# Beta Regression Example

In this example, we'll use linear regression to estimate the Beta for General Electric (GE) vs. the S&P 500 using monthly data.

The file "Stock Market Data.txt" is a tab-delimited text file containing monthly data on GE and the S&P 500 from the start of 1990 to the end of October 2018.  The columns are:     
Column 1: The date in text, e.g, 1/1/2007.  
Column 2: The "adjusted" month end closing price for the S&P 500.  
Column 3: The "adjusted" month end closing price for GE.

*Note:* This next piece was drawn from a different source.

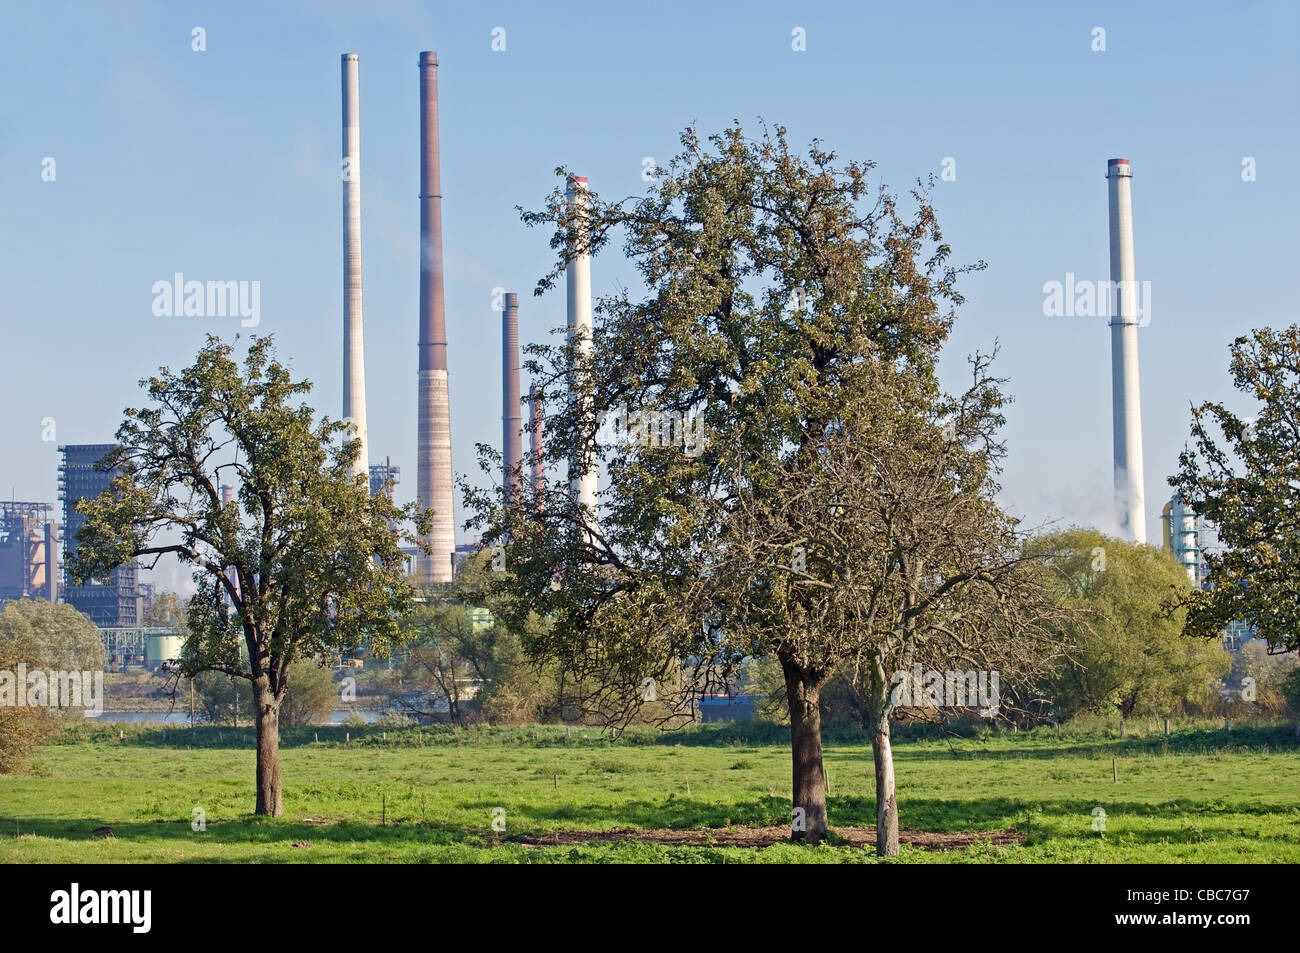 ThyssenKrupp smelting works, Duisburg, North Rhine-Westphalia, Germany. Stock Photo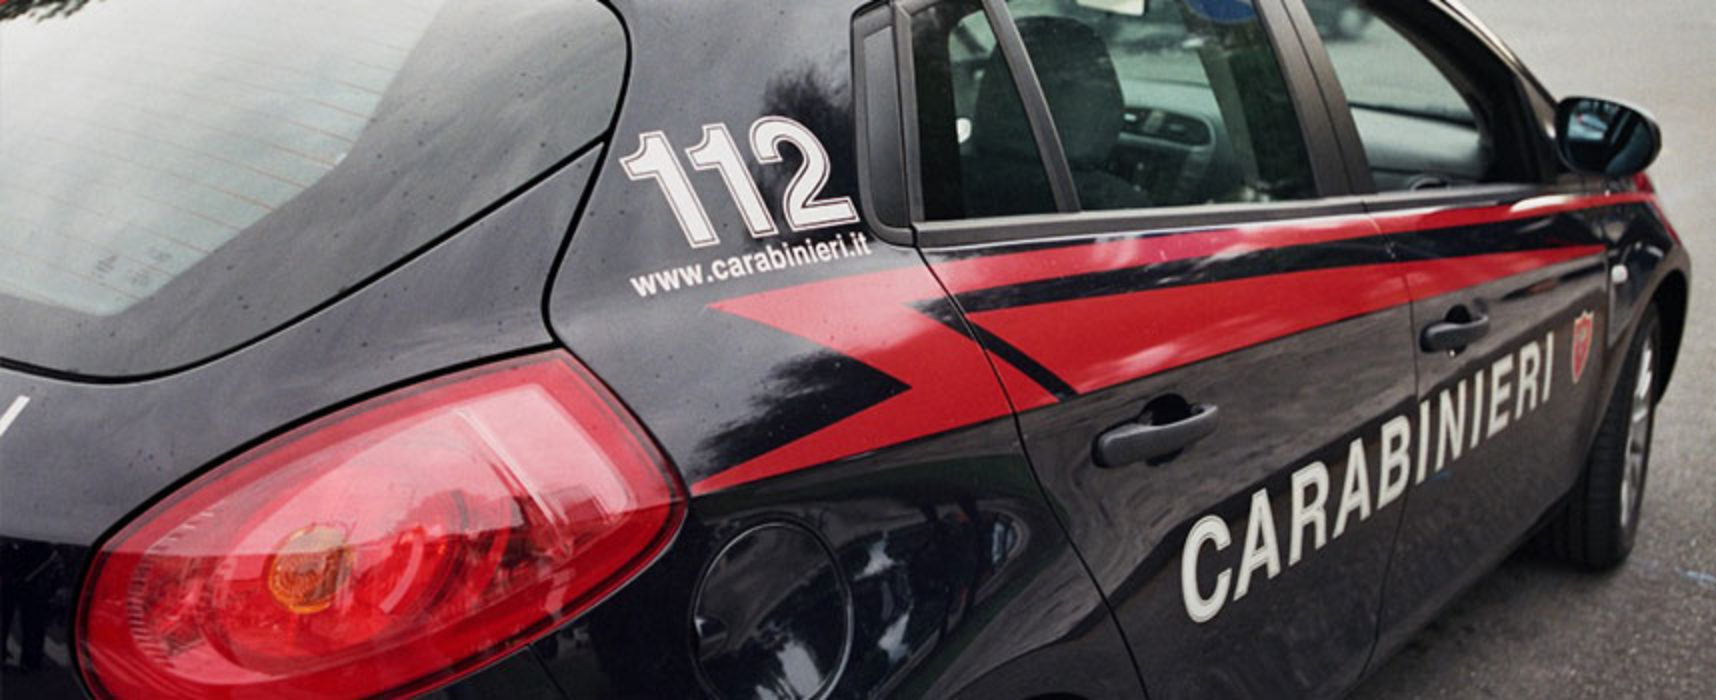 Controlli Carabinieri a movida Trani e Bisceglie, segnalate 7 persone per detenzione stupefacenti

This file was created using data from Yahoo Finance.  Yahoo Finance provides "adjusted closing prices".  These aren't the actual closing prices on the day, but instead are back-adjusted for dividends and stock splits.  They are adjusted in such a way that you can calculate the return for a stock on a given day as:

$\large \text{Return}=\frac{\text{Adj. Close}_t}{\text{Adj. Close}_{t-1}}-1$

### Step 1

Pull the data from the "Stock Market Data.txt" into a Pandas Python dataframe called stocks.  You'll need to import the correct packages first.  Make sure to import pandas and the statsmodel.formula.api in addition to numpy and pyplot.  Show the first five lines of the dataframe.

### Step 2

Change the date column to a datetime64 and type and then set this to be a DateTime index instead of a column.  Show the .info() on the stocks dataframe.

### Step 3

Plot GE's adjusted close over time.

### Step 4

Calculate returns for the S&P 500 and for GE.  Hint:  to get the lagged (t-1) price on a column in a dataframe, you can use .shift().  For example,  
`stocks[GE_lag]=stocks['GE_ADJ_CLOSE'].shift()`  
will create a column of stock prices one period back.  Create columns for lagged prices for the S&P and GE prior to calculating the returns so you can take a look at how this works.

Calculate the returns below.

### Step 5

Use stocks.describe() to get summary statistics on the returns.

### Step 6

Plot the return on GE (y-axis) vs. the return on the S&P 500 (x-axis).

### Step 7

Run a linear regression of GE's return (y) vs. the SP returns (x).  Provide a basic regression summary.  What is your estimate of GE's beta with respect to the market?

### Step 7

Repeat the plot above but add the regression line to the diagram.